Dunn, in his early thirties, was wearing a tailored brown suit over a beige shirt. A kerchief rose from the pocket of his jacket, and expensive Italian loafers covered his feet. He stood before Dockery and straightened his silk tie.
“Isn’t it true, Mr. Dockery, that you and another individual broke into the victim’s home around two a.m. on the morning of November seventeenth?”
“No.”
It was an inauspicious beginning, to say the least, and I sank deeper into my seat. Dunn had been ordered by the judge not to mention the dead witness, and the jury was sure to wonder why, if there was a codefendant, he wasn’t on trial at the same time or testifying for the state.
“And isn’t it true, Mr.
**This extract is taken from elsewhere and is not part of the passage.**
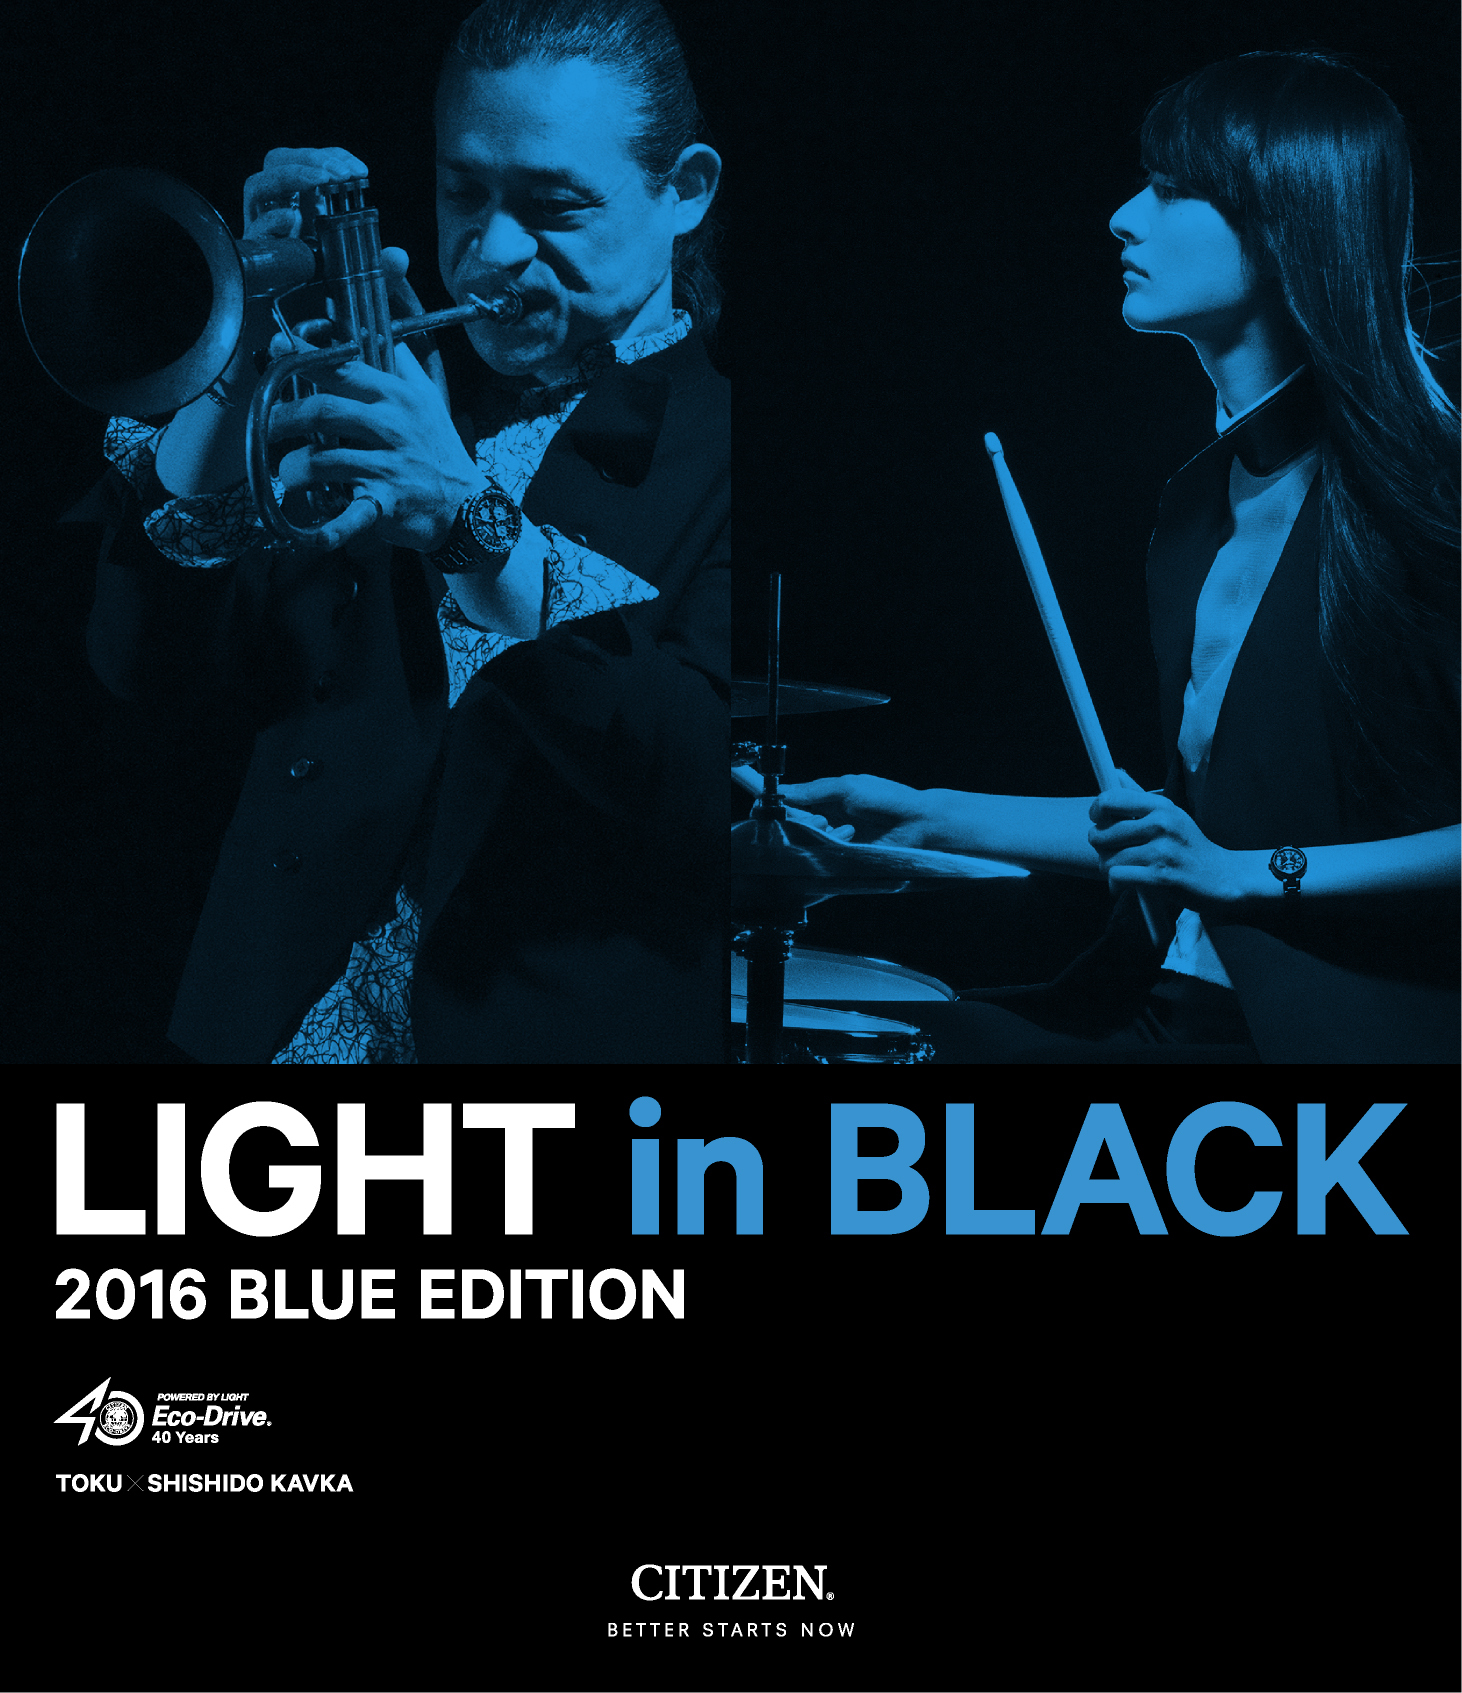 シチズン、光と時をテーマにした限定モデルLIGHT in BLACK 2016 BLUE

Dockery, that you beat and tortured the victim in an effort to force her to tell you where her cash was hidden?”
“No, it ain’t true, and you ain’t got no fingerprints, no blood, no hair, no witnesses, no nothin’ to prove I was there.”
“But you did tell Mr. Timmons that the victim kept cash in her home and that you intended to steal it, didn’t you?”
“I never said no such thing. Timmons ain’t nothing but a drunk and a liar. He was probably just looking for some reward money so he could buy whiskey.”